🌏🚲 | SINGAPOUR – GUWAHATI, INDE À VÉLO | Jour 103 – 5576 km

Les dernières semaines ont été mouvementé pour des raisons évidentes. Laissez nous vous expliquer comment nous les avons vécu.

L’entrée dans le Nord-Est de l’Inde fut soulageante car la Birmanie a été vraiment épuisante au niveau mentale et physique. À la frontière, nous avons eu un test médicale afin de s’assurer que nous n’avions aucun symptôme du virus. Pour la première fois depuis le début de voyage, nous ressentions l’impact de cette maladie mondiale sur notre périple. À notre plus grand désarroi, la situation n’allait que s’envenimer…

À Imphal, dans la province de Manipur, nous avons rencontré un dénommé Binay  via la plateforme Warmshower. Celle-ci met en contact des cyclotouristes du monde entier avec des hôtes locaux, qui leur permettent de séjourner à leur domicile gratuitement.  Étant grandement impliqué dans la cause environnementale, celui-ci s’est associé à plusieurs organisations luttant  pour des changements concrets. Il a parcouru l’Inde sur plus de 16 000 km à vélo afin de sensibiliser son peuple qui possède une triste réputation mondiale en matière d’environnement. Encore plus impressionnant, il est paralysé d’un bras et pilote son vélo à une seule main. Durant notre séjour, nous aurons accomplie 2 Swatch Barat avec lui et la communauté d’Imphal. Un Swatch Barat est une campagne nationale en Inde visant à nettoyer les rues, les routes et les infrastructures des villes, des villages et des zones rurales.

La ville de Kohima fut le prochain arrêt. Un ami à Binay nous attendait pour une autre surprise de taille. En arrivant chez lui, nous constatons que la famille s’est rassemblée pour nous offrir le plus grand confort ainsi qu’un repas copieux. Suite à plusieurs discussions avec notre hôte Neiba, il nous demande si nous désirons présenter notre projet  à l’université de la ville. Ravi, nous acceptons la proposition et 12 heures plus tard, nous nous retrouvons devant une foule de 300 personnes à discuter de notre projet. Pendant ce bref instant, le voyage prit tout son sens et nous étions plus motivés que jamais à poursuivre notre périple.
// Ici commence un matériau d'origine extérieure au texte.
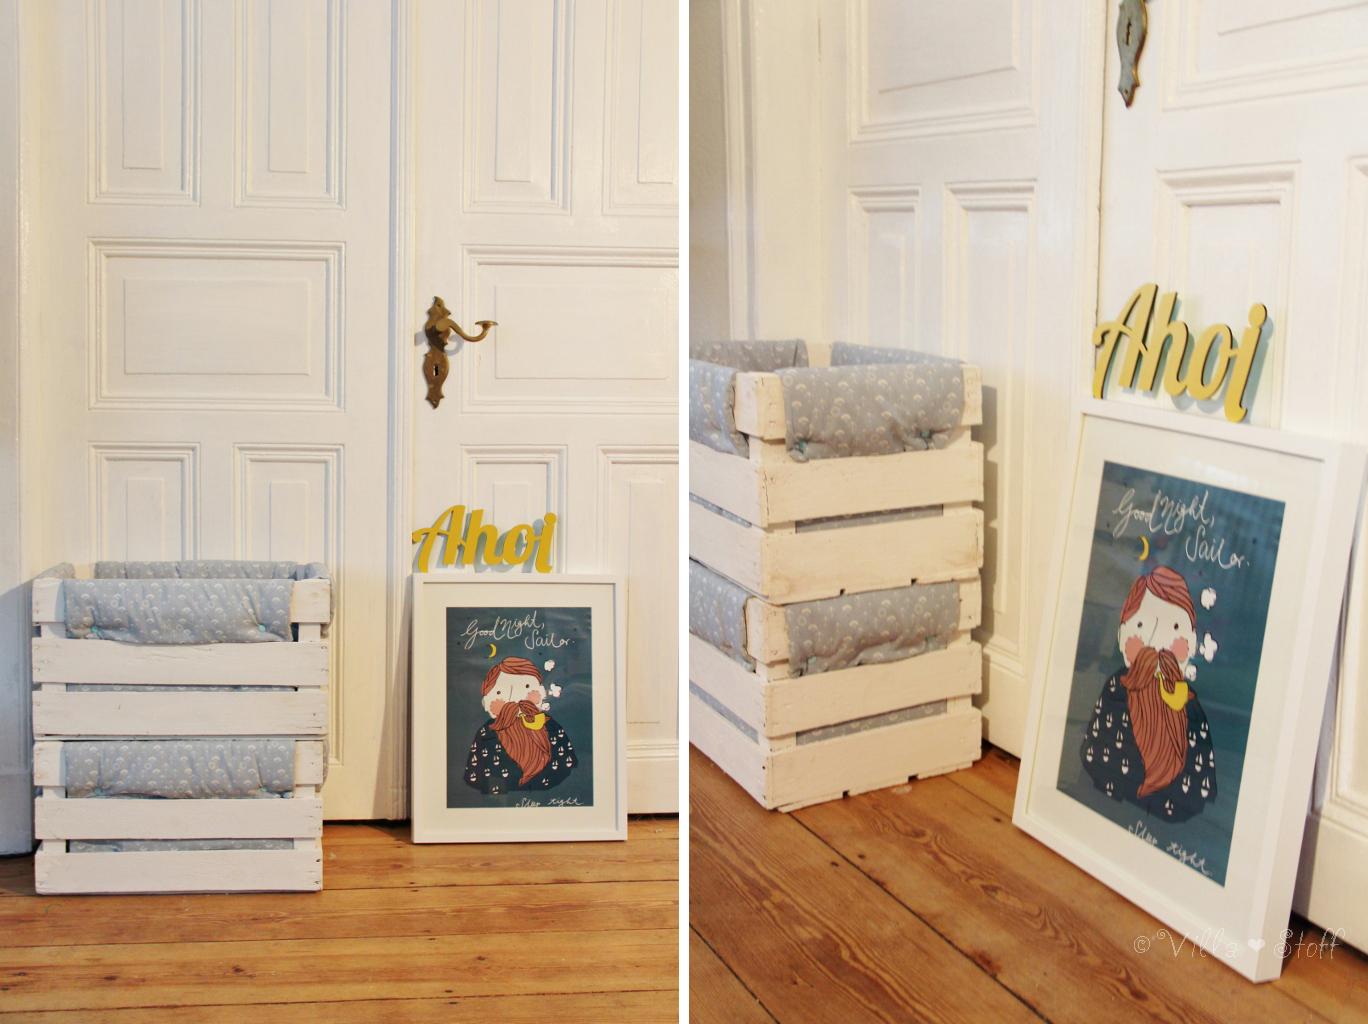 villa stoff blog ordnung ist das halbe leben upcycling. Black Bedroom Furniture Sets. Home Design Ideas

Depuis nos test médicaux à la frontière, la situation en Inde était plutôt stable. Nous gardions toutefois l’oeil ouvert sur la situation dans le monde, voyant qu’en Europe ça ne faisait que se détériorer. Au moment où nous quittions Kohima, les dommages collatéraux autour du virus commençait progressivement à affecter notre voyage.  Chaque jour, les mauvaises nouvelles s’accumulaient. La situation en Europe devenait de plus en plus inquiétante. Le Népal (notre prochain destination) fermait ses frontières, celle de Moreh entre la Birmanie et l’Inde que nous avions traversé 1 semaine plus tôt, était désormais plus accessible. Certaines provinces indiennes commençaient à interdire le passage et expulser tous les touristes. Un sentiment de peur commençait à s’installer dans ce pays de plus d’un milliard de personnes.

Nous décidons tout de même de poursuivre notre chemin vers l’ouest en espérant que la situation se replace rapidement. Avec un certain recul, ce n’était clairement pas la bonne décision. Les autorités nous mentionnerons plus tard que les locaux commençaient à croire que les étrangers étaient les porteurs du virus. Et comme en région les gens ne sont pas éduqués, ils nous mentionnèrent aussi que nous devions craindre pour notre sécurité.

Nous ne voulions pas accepter l’inévitable. Notre tendance à toujours trouver une solution aux embuches qui se mettaient à travers notre chemin nous aveuglait face à l’envergure de la situation. Le tout se détériora rapidement et notre sécurité devenait désormais un enjeu inquiétant. C’est lors de notre rencontre avec la police local que nous avons abdiqué et rendu les armes; Il fallait remballer les vélos et rentrer au plus vite à la maison. Pour plus de détails concernant ces dernières heures rocambolesques en Inde, nous vous invitons à vérifier notre page Facebook; Echo Explora.

Nous avons désormais complété nos 2 semaines de quarantaine en région éloigné du Québec. Nous voyons désormais la situation mondiale pratiquement hors de contrôle et nous constatons que nous l’avons échappé de justesse. Nous aurions facilement pu être l’une des 15 000 Canadiens bloqué en Inde. Il n’y a pas meilleure place sur cette planète qu’à la maison pour affronter ce phénomène mondiale unique.

Nous ne pouvons pas prédire l’avenir, mais nous aimerions de tout coeur terminer ce grand périple. Nous espérons passer au travers de ce grand défi que vit l’humanité. Pour que bientôt, ces temps sombres ne deviennent qu’un triste souvenir lointain.